Dynamic performance of an aiming control methodology for solar central receivers due to cloud disturbances

• Published in: Renewable energy Vol. 121; pp. 355 - 367
• Main Authors: García, Jesús, Soo Too, Yen Chean, Padilla, Ricardo Vasquez, Beath, Andrew, Kim, Jin-Soo, Sanjuan, Marco E.
• Format: Journal Article
• Language: English
• Published: Elsevier Ltd 01.06.2018
• Subjects: Cloud disturbances; Concentrating solar thermal; control methods; heat transfer; Heliostat aiming; Multivariable closed control loop; renewable energy sources; shade; Solar central receiver; solar collectors; solar radiation; Cloud disturbances; Heliostat aiming; Multivariable closed control loop; Concentrating solar thermal; Solar central receiver
• ISSN: 0960-1481; 1879-0682
• DOI: 10.1016/j.renene.2018.01.019

An appropriate control of the heat flux distribution over the solar central receiver is essential to achieve an efficient and safe operation of solar tower systems. High solar radiation variation due to moving clouds may cause failures to the solar receiver. This paper shows a dynamic performance analysis of a solar central receiver operating when short-time cloud passages partially shade the solar field. The solar receiver incorporates an aiming methodology based on a closed loop model predictive control approach.
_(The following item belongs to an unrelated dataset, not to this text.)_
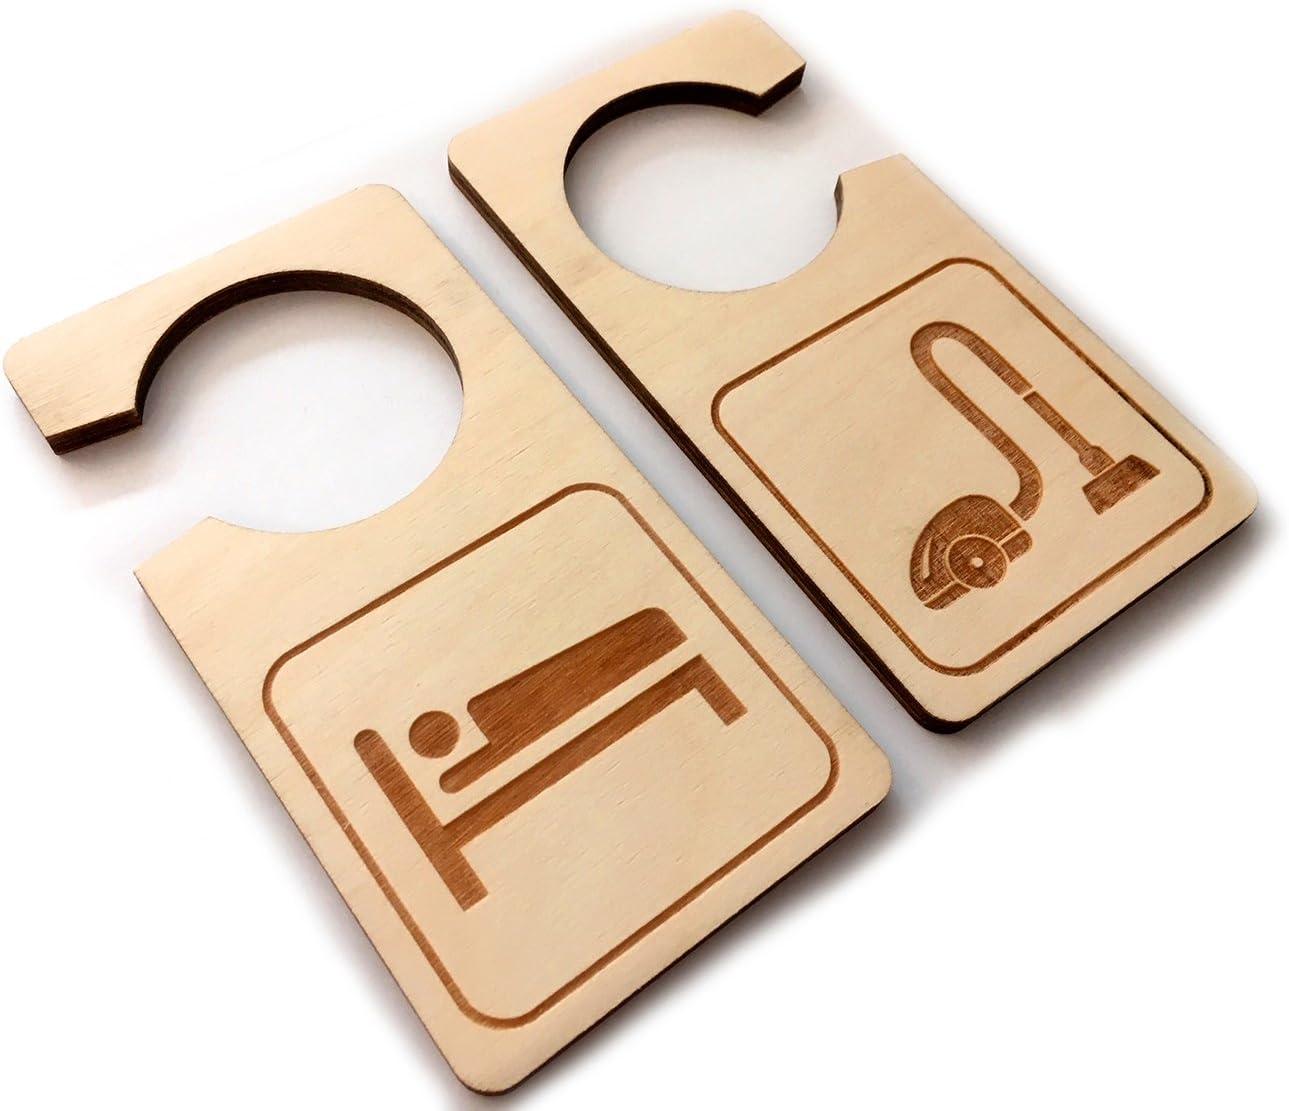 Tiptiper Le style de signe de suspension de porte /à 2 c/ôt/és ne d/érange pas Decal Home Shop Store Bedroom

The DNI changes are simulated using an agent-based model that closely emulates the transients in solar radiation caused by clouds. These models are coupled with a solar system model that resembles the Gemasolar solar plant. The simulations showed that the base feedback loop aiming strategy could successfully restore the solar receiver back to its steady state after transient operations caused by clouds. However, undesired overshoots in incident flux density and high heating rates in the controlled variables were found. These issues are overcome through a setpoint readjustment approach, which is temporally supported by a PI controller. The results show that the proposed aiming control strategy can provide a continuous safe operation of the solar central receiver when subject to transient flux distribution due to clouds. •A dynamic performance analysis of a new closed control loop methodology for heliostat aiming manipulation was performed.•A new aiming control methodology was coupled to a DNI disturbance model.•The collaborative group behaviour allows the existing control loop techniques to reduce the number of manipulated variables.•Flux peak caused by DNI fluctuations can be diminished using the proposed aiming methodology with an energy loss of 2.45%.